Eleven-year-old Callie is fearless, stubborn, and a little nosy. So when she sees an old yellow dog wandering around town by itself, you can bet she’s going to figure out who he belongs to. But when her sleuthing leads her to cross paths with a white boy named Wendell who wants to help, the segregated town doesn’t take too kindly to their budding friendship.
Meanwhile, a nearly invisible boy named Jim is stuck in a cabin in the woods. He’s lost his dog, but can’t remember exactly when his pup’s disappeared.
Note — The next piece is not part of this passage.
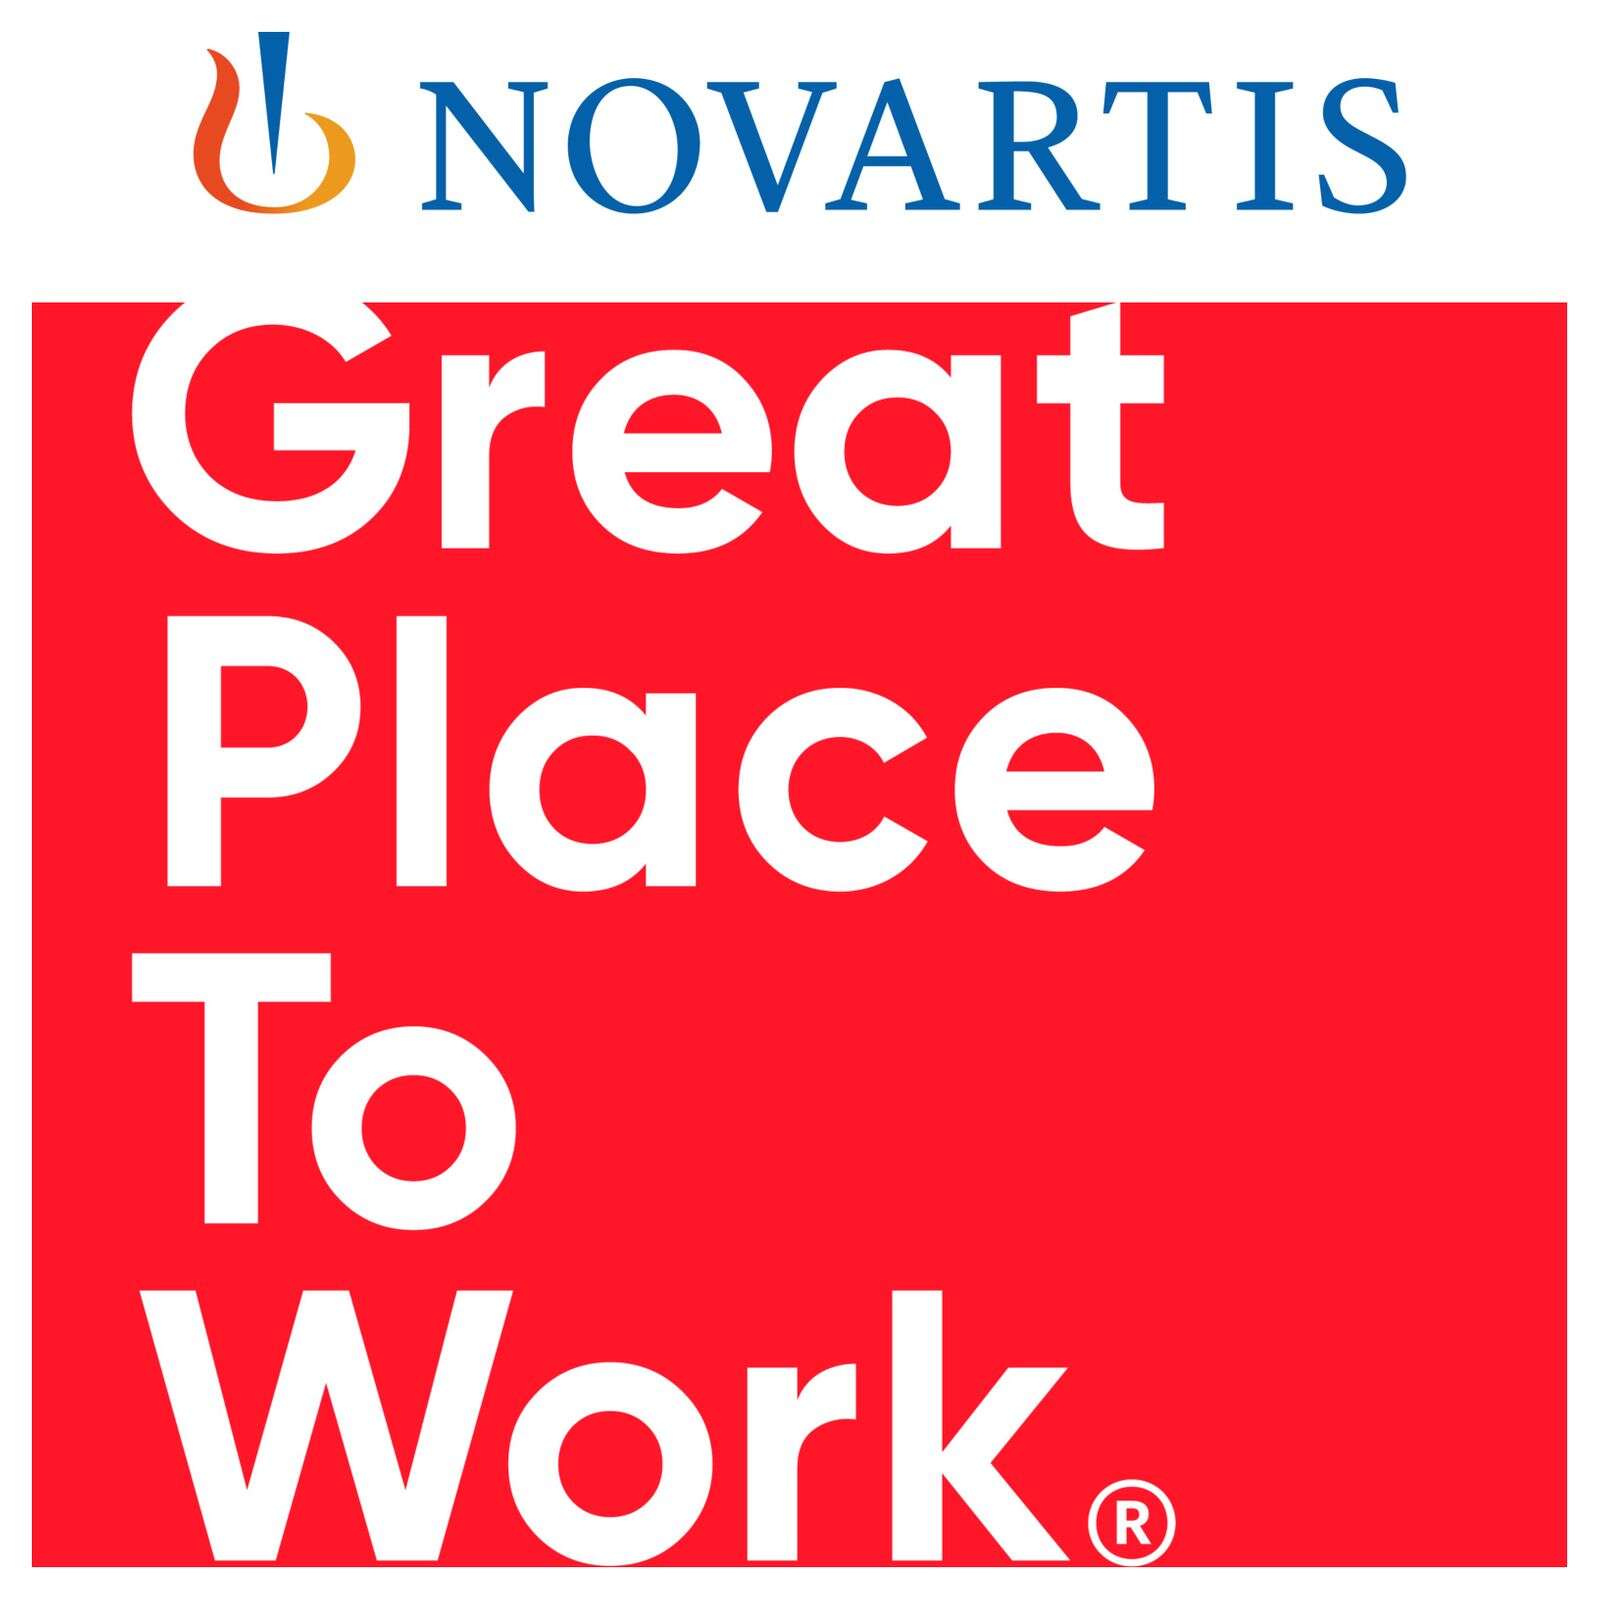 novartis uae and kuwait certified as great place to work

When his companion, a little boy named Thomas, who’s been invisible much longer than he, explains that they are ghosts, the two must figure out why they can’t seem to cross the river to the other side just yet…
And as Callie and Wendell’s search for the old dog brings them closer and closer to the cabin in the woods, the simmering prejudices of the townspeople boil over.
PUBLISHERS WEEKLY
It's 1953, and although race relations in the small town of Celeste, Ky., seem smooth, tensions bubble below the surface. When an 11-year-old black girl, Callie Robinson, starts following a stray dog, she crosses paths with Wendell Crow, a white boy her age who is looking for an abandoned cabin his father used to visit. An uneasy friendship blossoms as they begin to search for Jim, a boy whose name is carved into the cabin and who Callie is sure has a connection to the dog. Meanwhile Jim, a ghost who hasn't yet realized that he's dead, is unsure how he ended up in the cabin, which is also inhabited by another child's ghost whose past ties to the cabin's history as part of the Underground Railroad. Dowell (Anybody Shining) shifts focus among these and other characters, sensitively examining the ways that injustices past and present take a toll on communities and individuals. The consequences of taking a stand against racist attitudes are portrayed with realistic complexity as Dowell builds to a conclusion that offers glimmers of hope without sugarcoating the persistence of prejudice. Ages 9 13.